Brexit - Chequers Plan

I appreciate, understand and respect strongly held views, reasonably expressed, on both sides of the Brexit debate.

However, we had a binary choice at the referendum. 57% of South West Wiltshire voters voted to leave the EU in 2016. I was one of them. 

So called soft Brexit wasn’t on the ballot paper.  Indeed, campaigners on both sides made it very clear that Brexit meant leaving the Customs Union, Single Market and jurisdiction of the European Court of Justice. Last year my party and all of its candidates, now MPs, stood and won on a manifesto committed to doing just that. 80% of all voters at the general election backed parties pledged to leaving the EU. Not now doing so would be to hold the public in contempt. Democrats don’t do that.

The legislation already passed and that going through right now will make Brexit possible.

But I want to do better than that. I want a UK-EU free trade area that will position Britain to advance commercially with Europe and with partners much further afield. After all, we have always been a global trading nation.

The Chequers plan isn’t perfect. It won’t satisfy everyone. But if it’s a bottom line and not opening gambit it’ll just about do for me. 

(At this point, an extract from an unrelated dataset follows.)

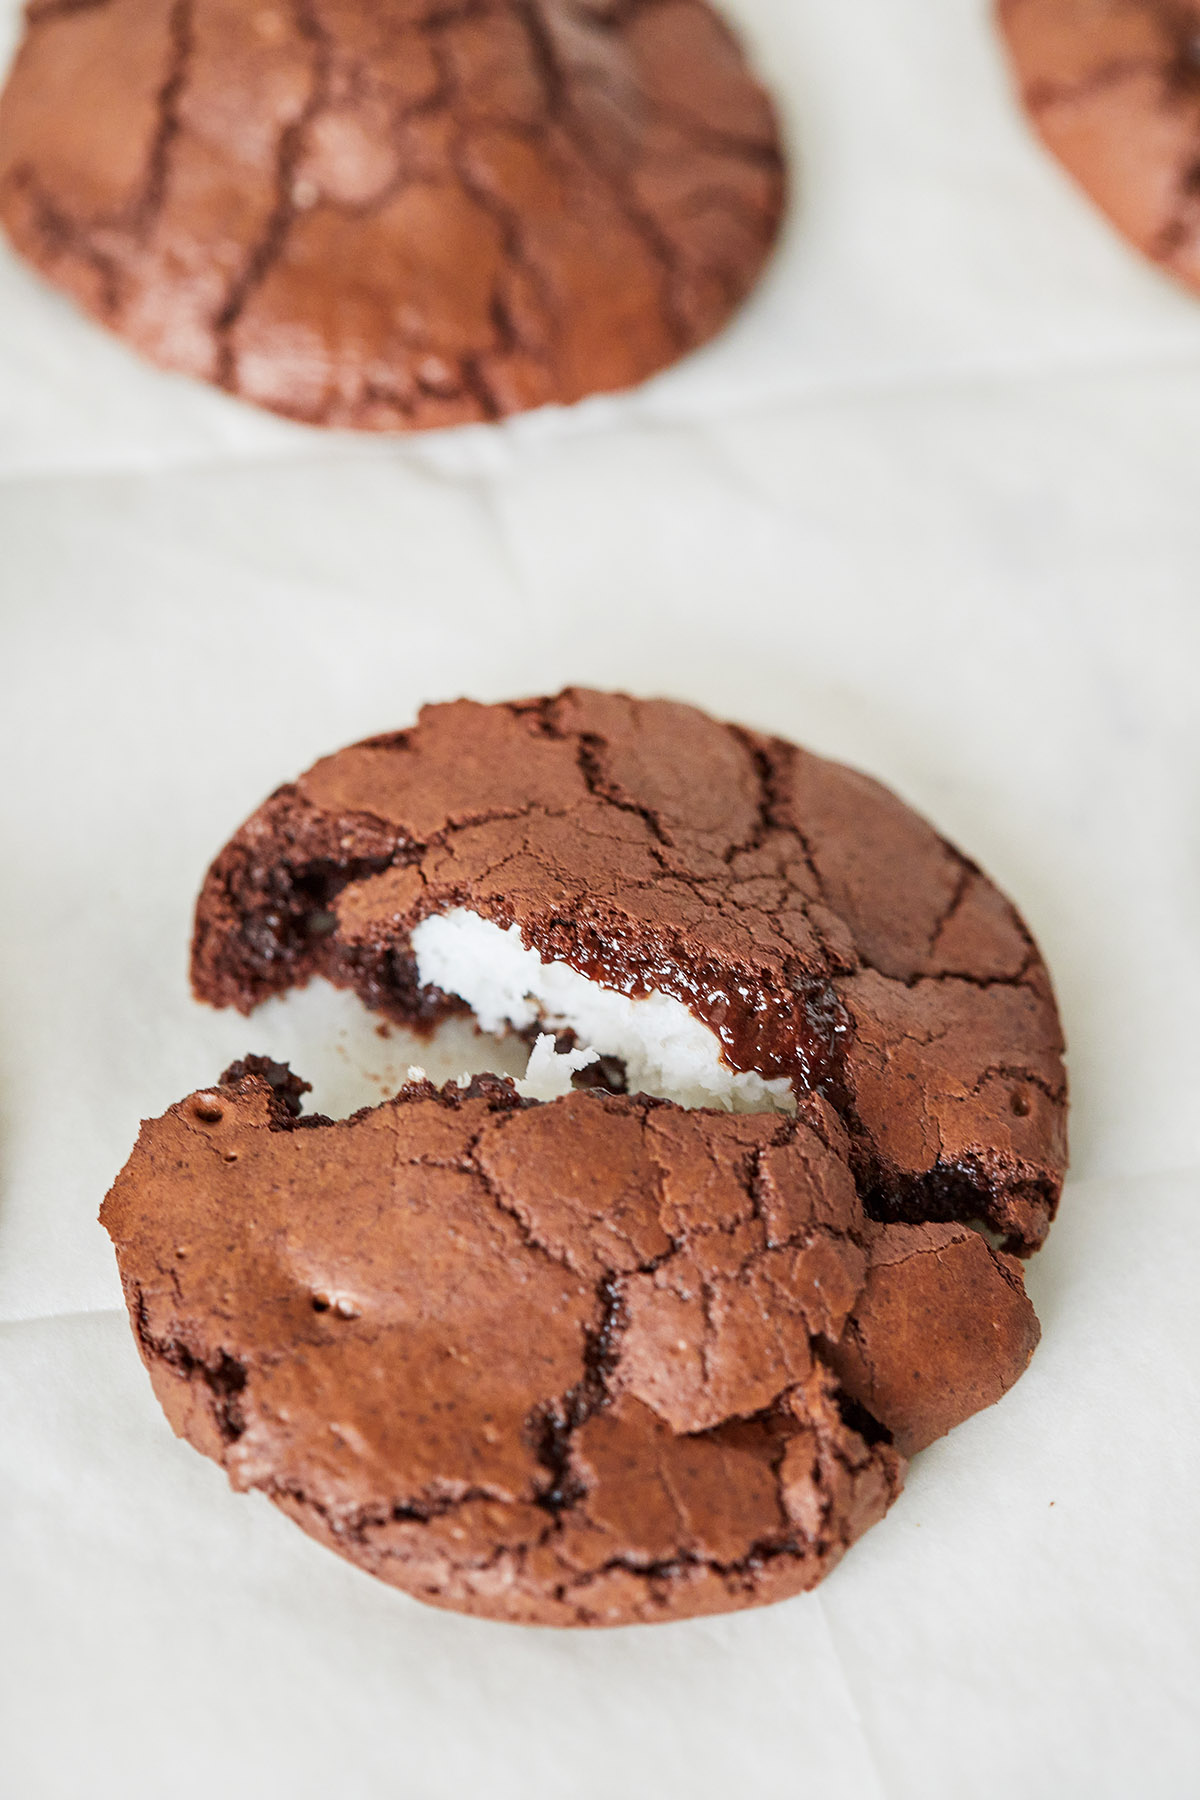 עוגיות בראוניז שוקולד וקוקוס ללא קמח. צילום: טל סיון צפורין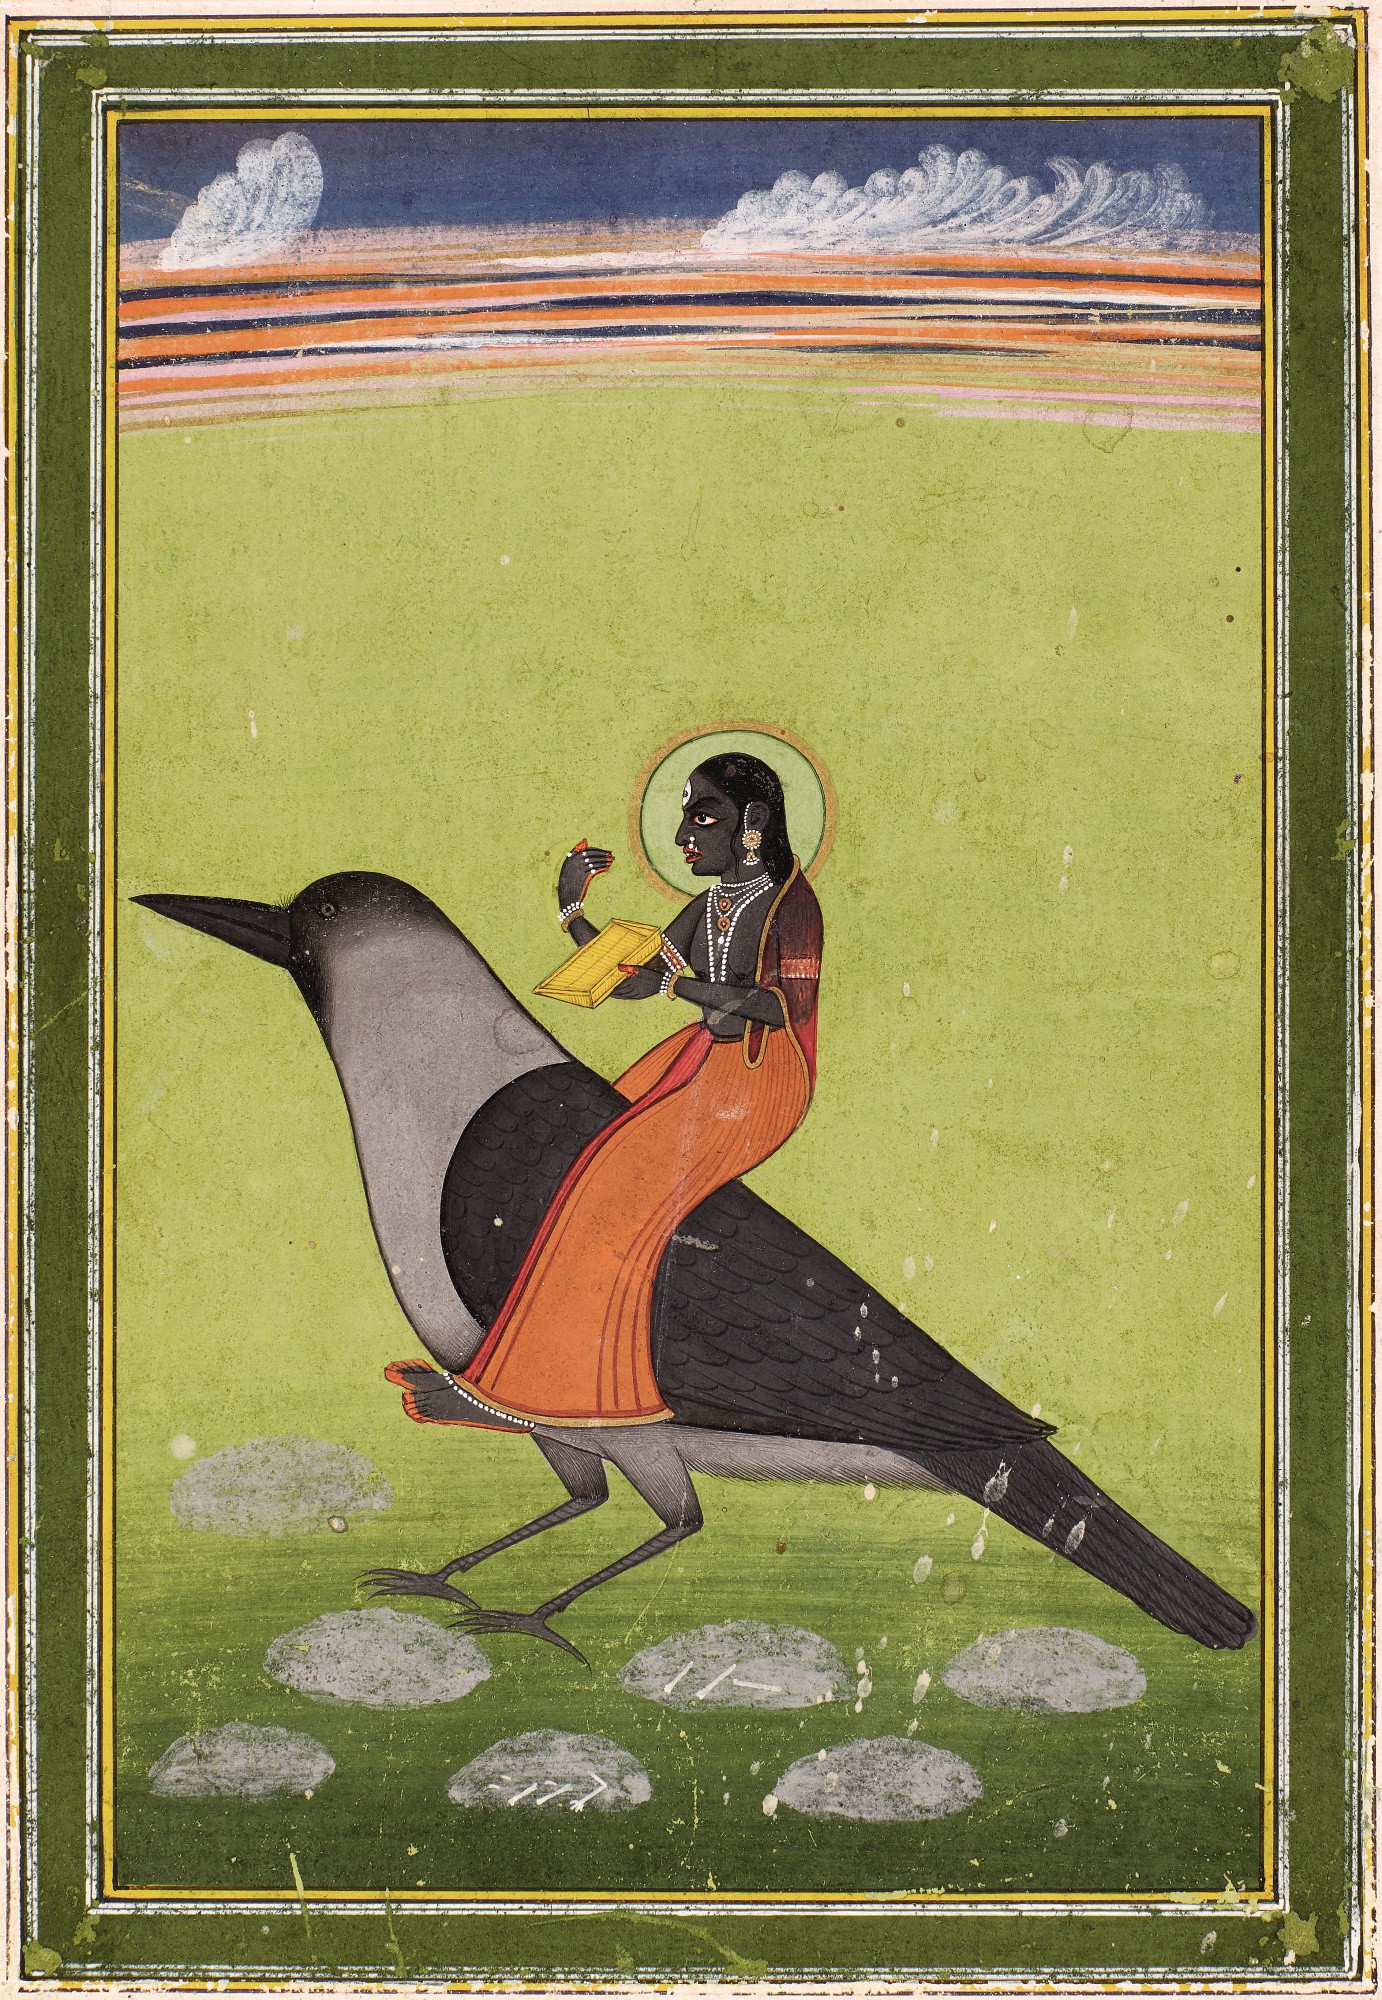 Dhumavati num Corvo by Artista Desconhecido - Aprox. 1830 - 22.2 x 13.3 cm coleção privada

The plan is now being considered by the European Commission in advance of its summit in the Autumn. The time for froideur is over. It needs to understand what’s politically do-able at Westminster. If it rejects this plan, it’s going to be ‘no deal.’  The fault for such an abject political failure would lie with the EU, not with Mrs May and her administration. The UK government has jumped through hoops and over hurdles to craft something that is true to the referendum, that will protect and promote prosperity in the British Isles and continental Europe and that will deliver the wider benefits that close cooperation with good friends and neighbours generates.